Return all of the data exactly as written, without the pictures.

━━━━━ Recorded data ━━━━━

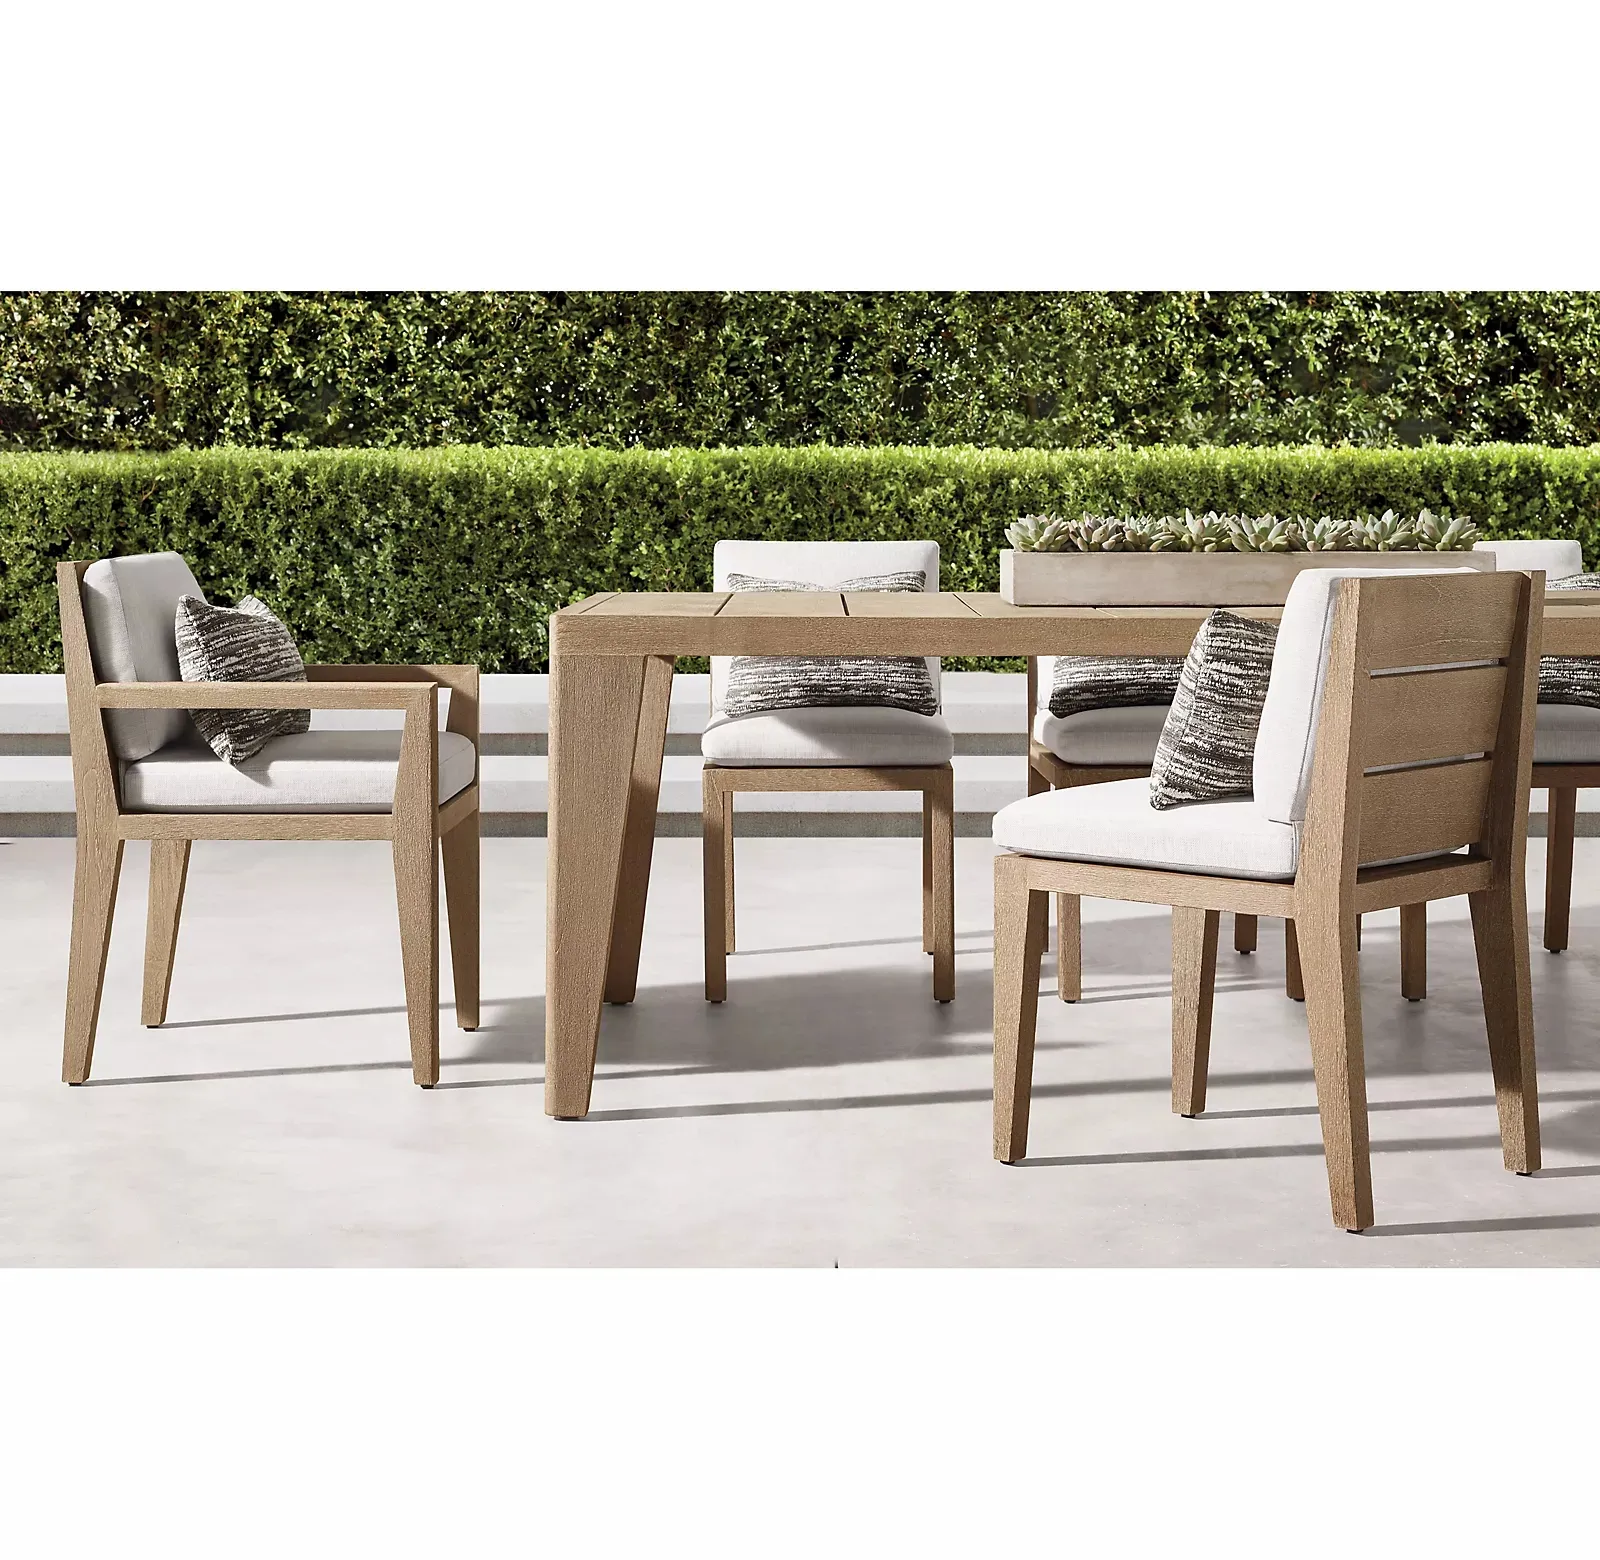 طاولة وكراسي خارجية من خشب الساج عالية الجودة مستطيلة الشكل لتنظيف أثاث الحدائق وسهلة التنظيف
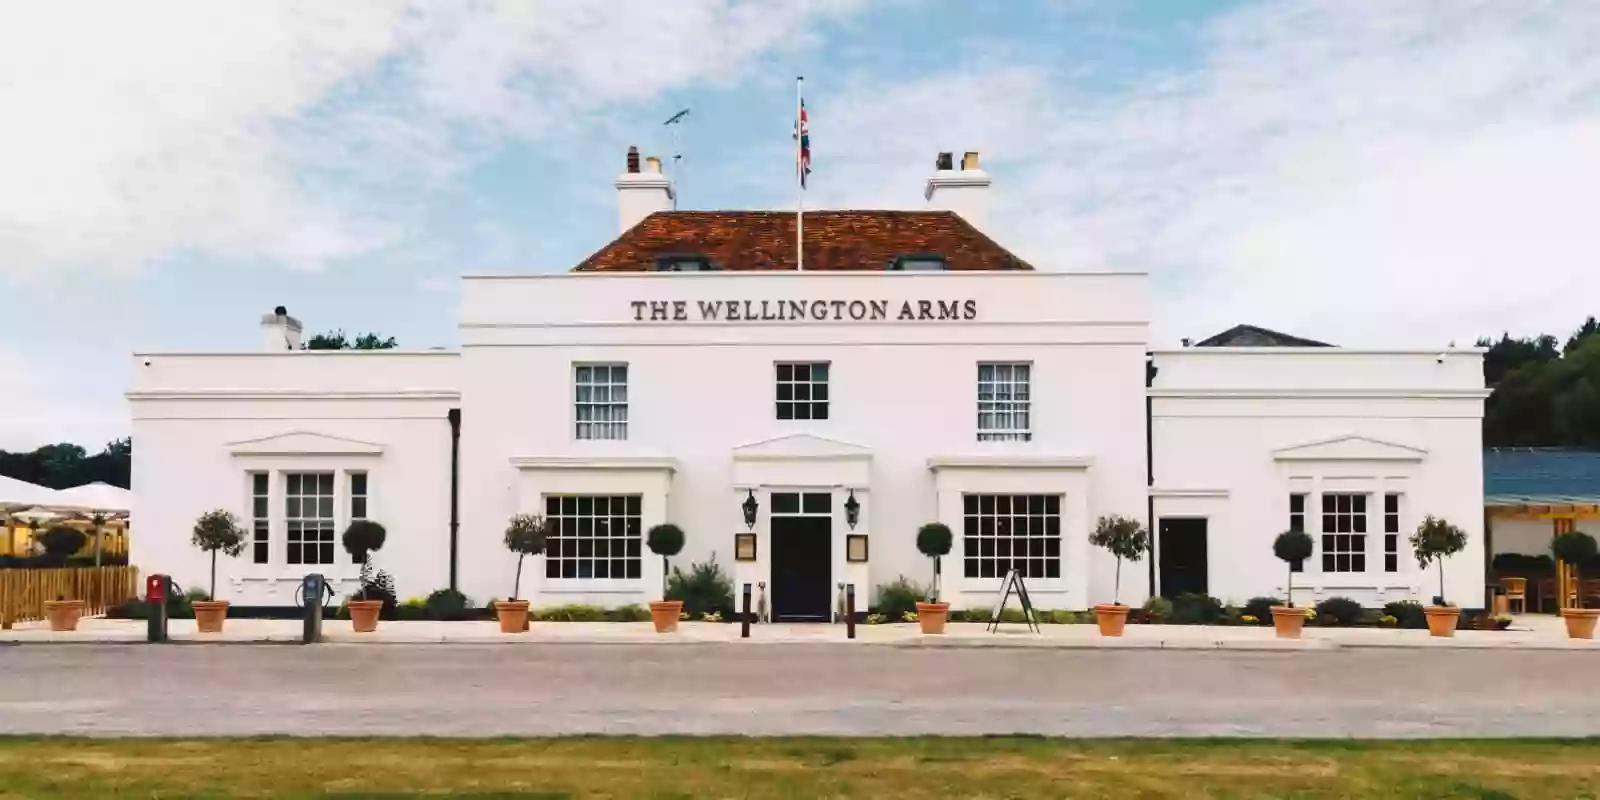 The Wellington Arms
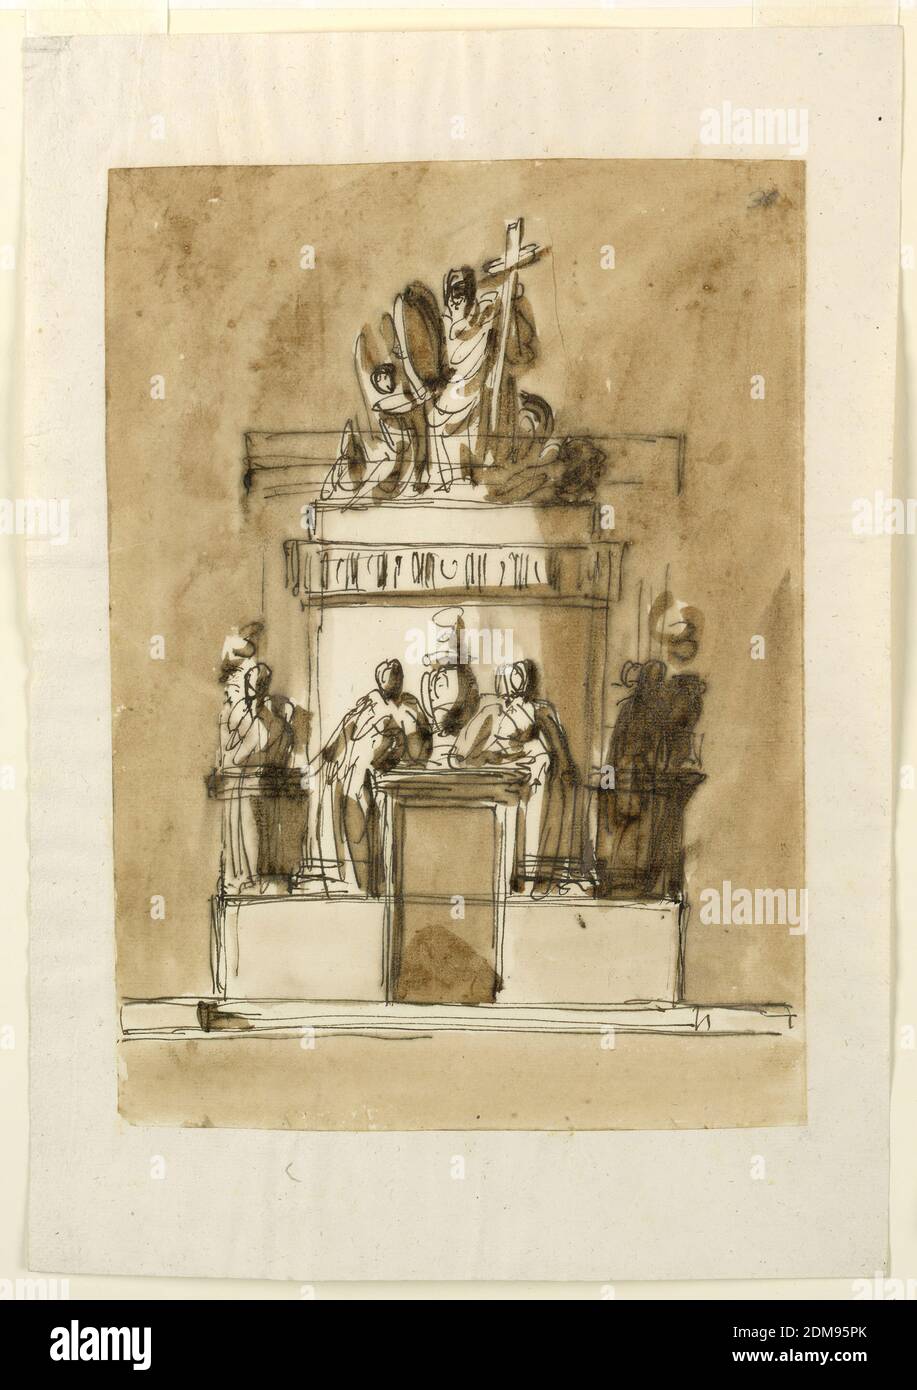 Entwurf für ein Sepulchral-Denkmal von König Ludwig XVI von Frankreich, Giuseppe Barberi, Italienisch, 1746–1809, Feder und braune Tinte, Pinsel und braune Wäsche, die Basis hat einige Stufen, mit kleinen seitlichen Teilen in Mauerwerk. Die Struktur hat eine längliche Socke und einen auflösenden oberen runden turmarmen Teil. An der Vorderseite ist ein Türrahmen, auf dessen Entablatur zwei Frauen - die linke ist vorne zu sehen, die rechte im Profil - neben einer Urne mit einer Flamme lehnen. Sie stehen auf dem Sockel. Entsprechend seitlich stehen Frauen neben einer ähnlichen Urne, die auf einer scheinbar Balustrade stehen. Stockfoto

━━━━━

__Answer box__
 طاولة وكراسي خارجية من خشب الساج عالية الجودة مستطيلة الشكل لتنظيف أثاث الحدائق وسهلة التنظيف
 The Wellington Arms
 Entwurf für ein Sepulchral-Denkmal von König Ludwig XVI von Frankreich, Giuseppe Barberi, Italienisch, 1746–1809, Feder und braune Tinte, Pinsel und braune Wäsche, die Basis hat einige Stufen, mit kleinen seitlichen Teilen in Mauerwerk. Die Struktur hat eine längliche Socke und einen auflösenden oberen runden turmarmen Teil. An der Vorderseite ist ein Türrahmen, auf dessen Entablatur zwei Frauen - die linke ist vorne zu sehen, die rechte im Profil - neben einer Urne mit einer Flamme lehnen. Sie stehen auf dem Sockel. Entsprechend seitlich stehen Frauen neben einer ähnlichen Urne, die auf einer scheinbar Balustrade stehen. Stockfoto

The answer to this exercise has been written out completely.